───── DATASET EXCERPT
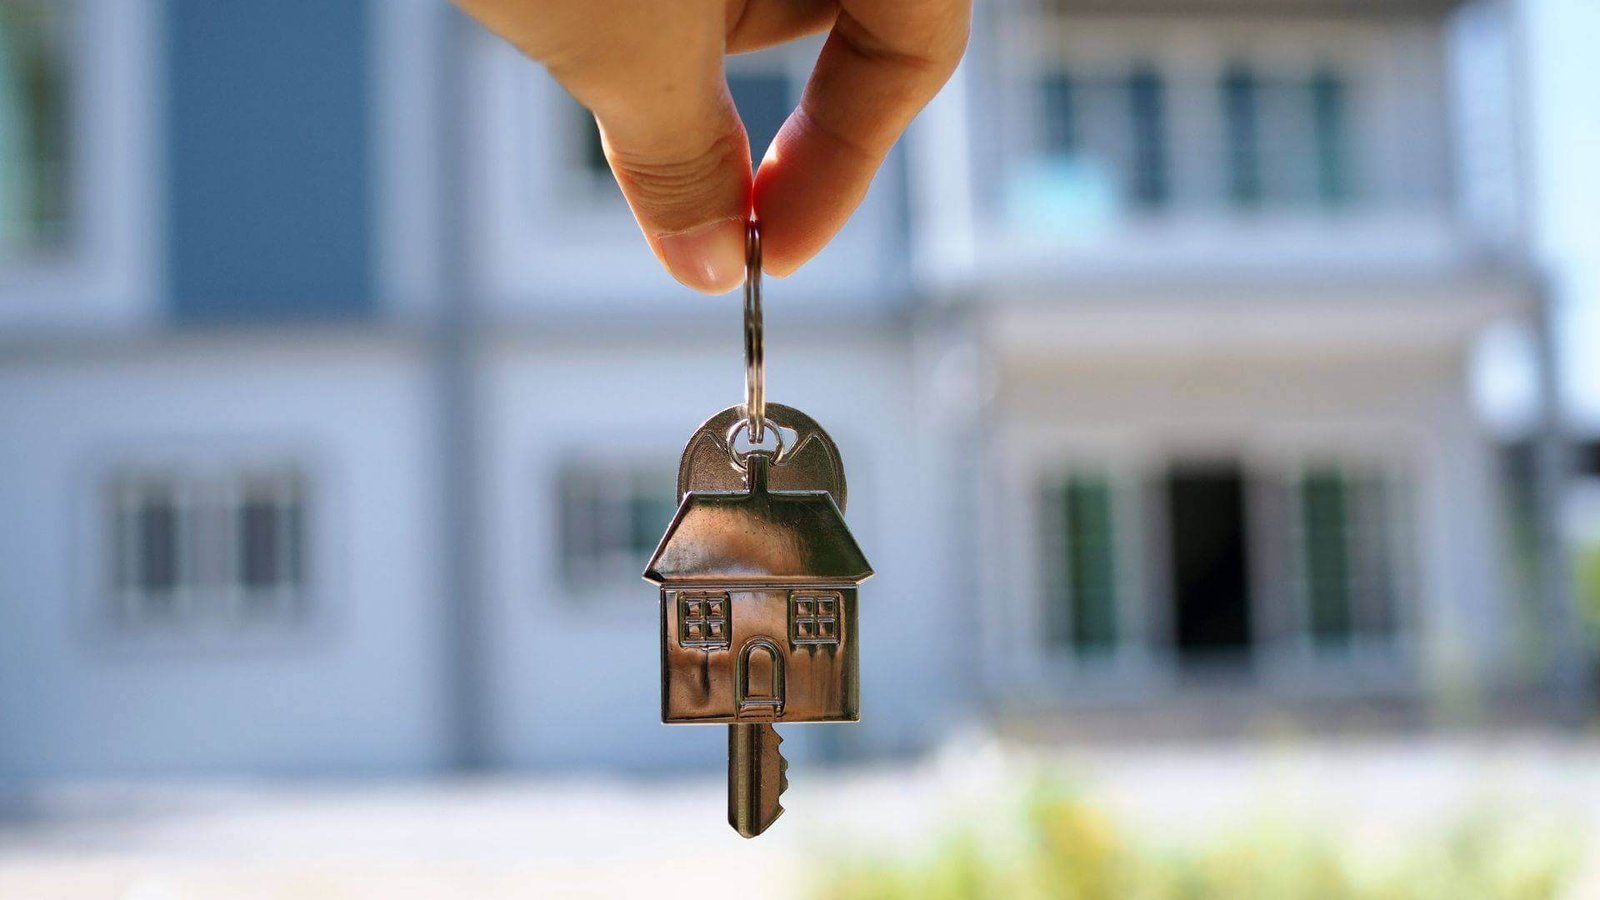 Comprar casa propia: imagen de llavero en forma de casa
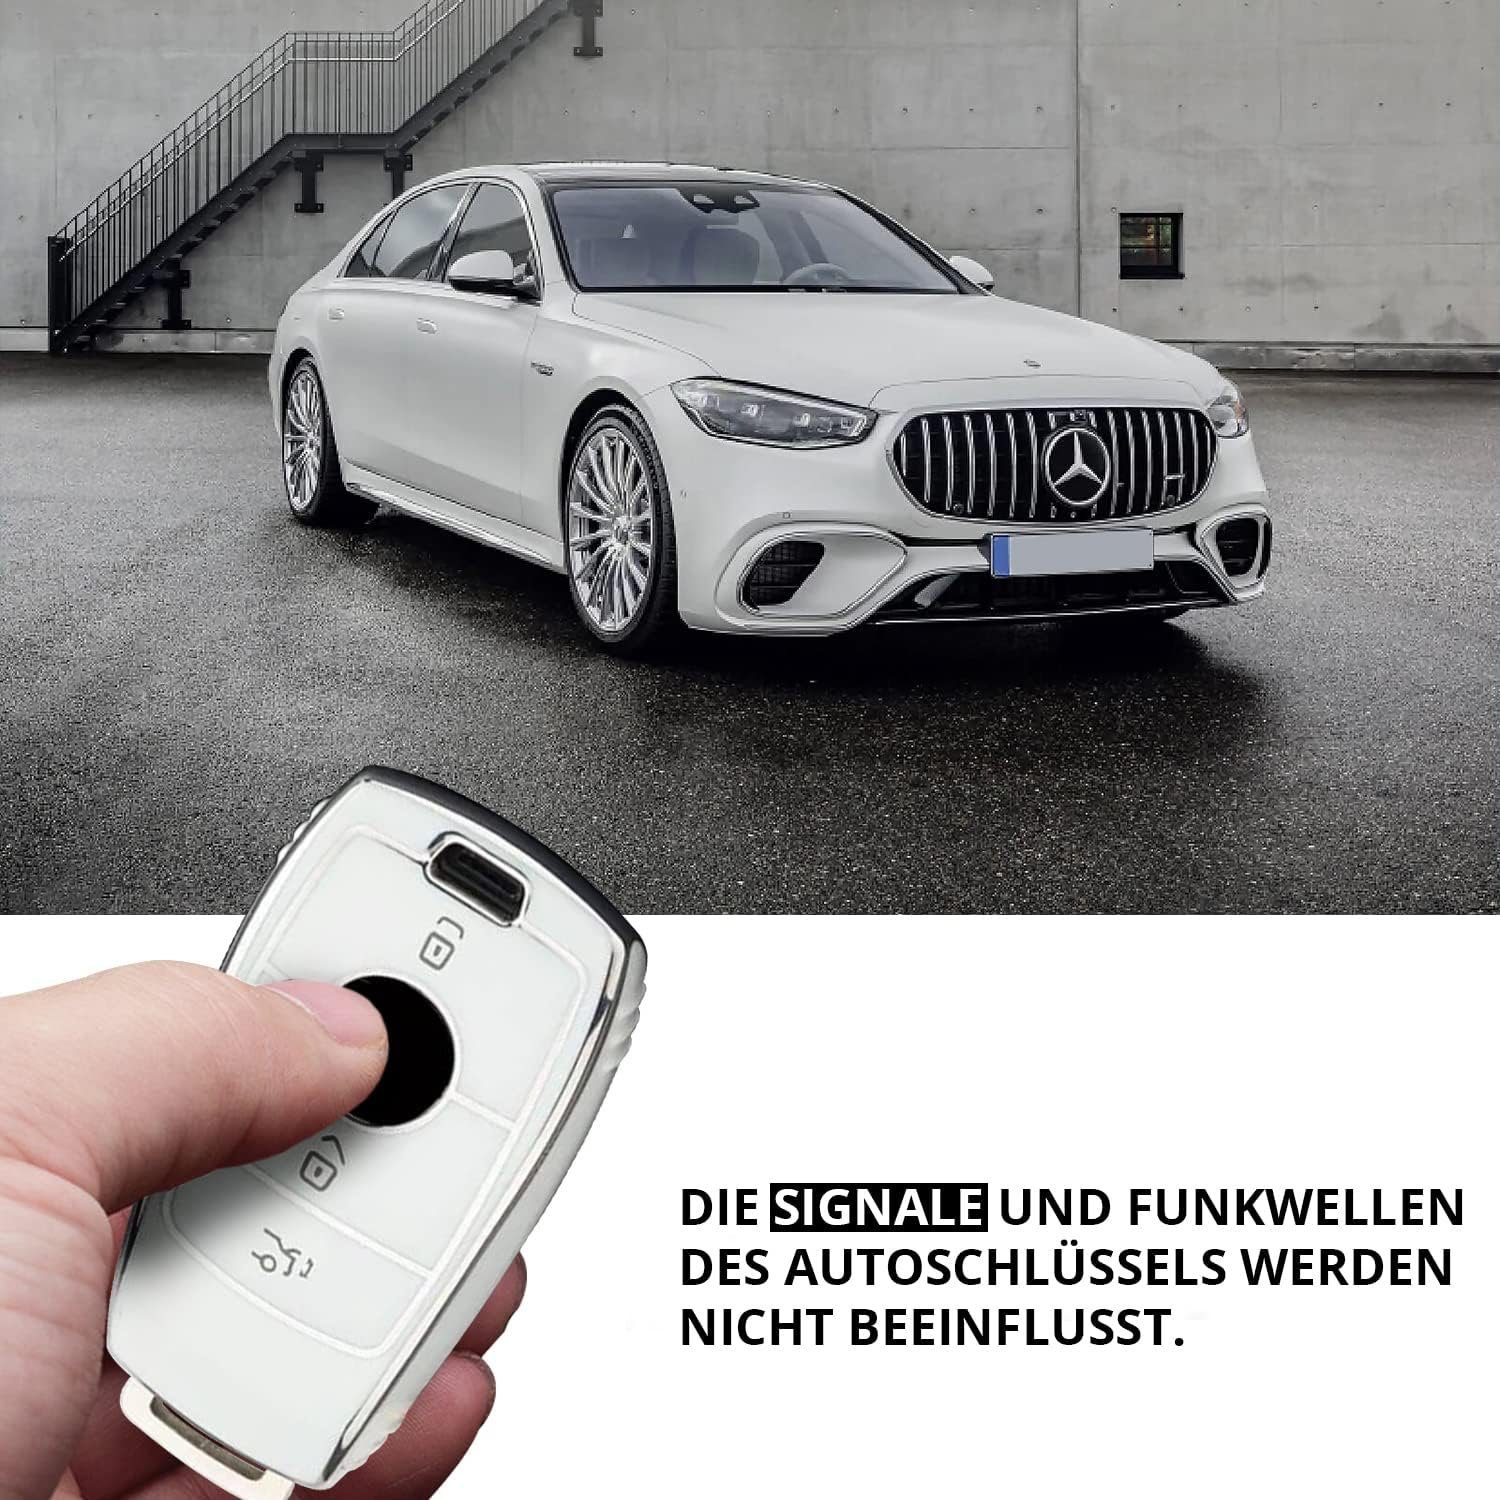 Benz, Mercedes für Weiss/Chrom Schlüsselhülle Tasche Hülle Keyscover Schlüsseltasche Cover Autoschlüssel
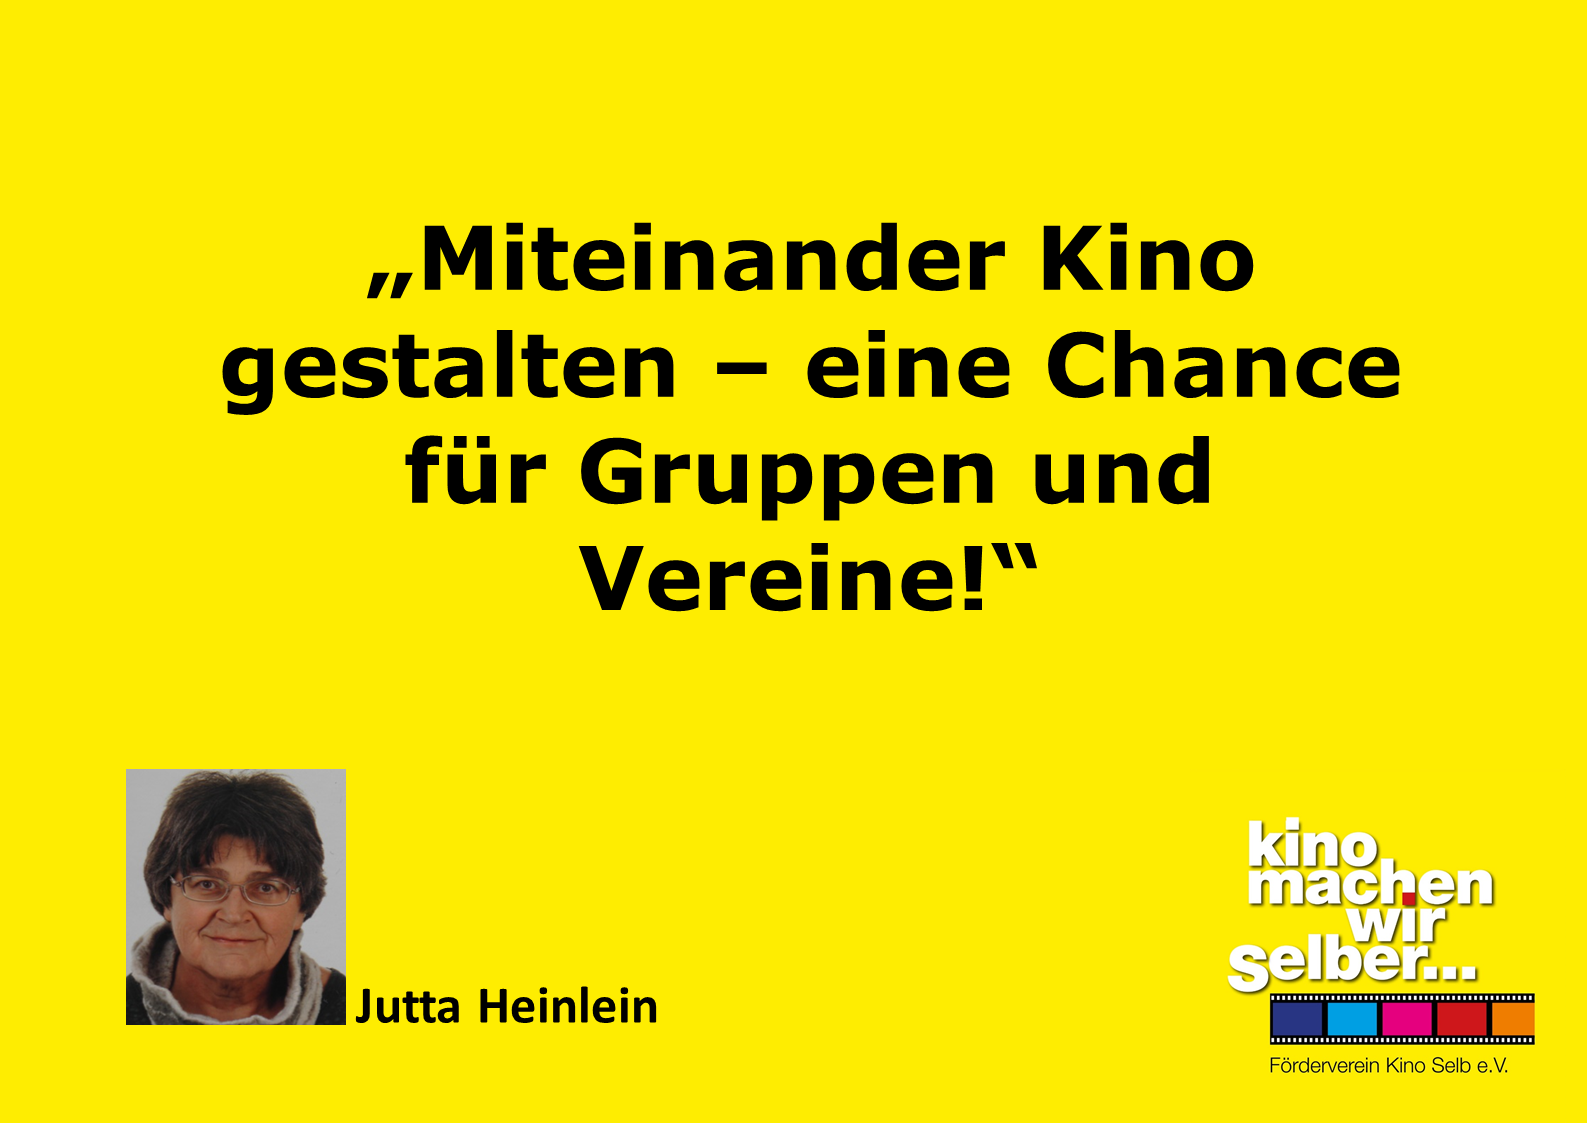 Jutta Heinlein vom Förderverein Kino e. V. sagt: Miteinander Kino gestalten - eine Chance für Gruppen und Vereine!
──────────
TASK REQUIREMENTS:
For this exercise, retype the listing above word for word and omit the pictures.

SOLUTION:
 Comprar casa propia: imagen de llavero en forma de casa
 Benz, Mercedes für Weiss/Chrom Schlüsselhülle Tasche Hülle Keyscover Schlüsseltasche Cover Autoschlüssel
 Jutta Heinlein vom Förderverein Kino e. V. sagt: Miteinander Kino gestalten - eine Chance für Gruppen und Vereine!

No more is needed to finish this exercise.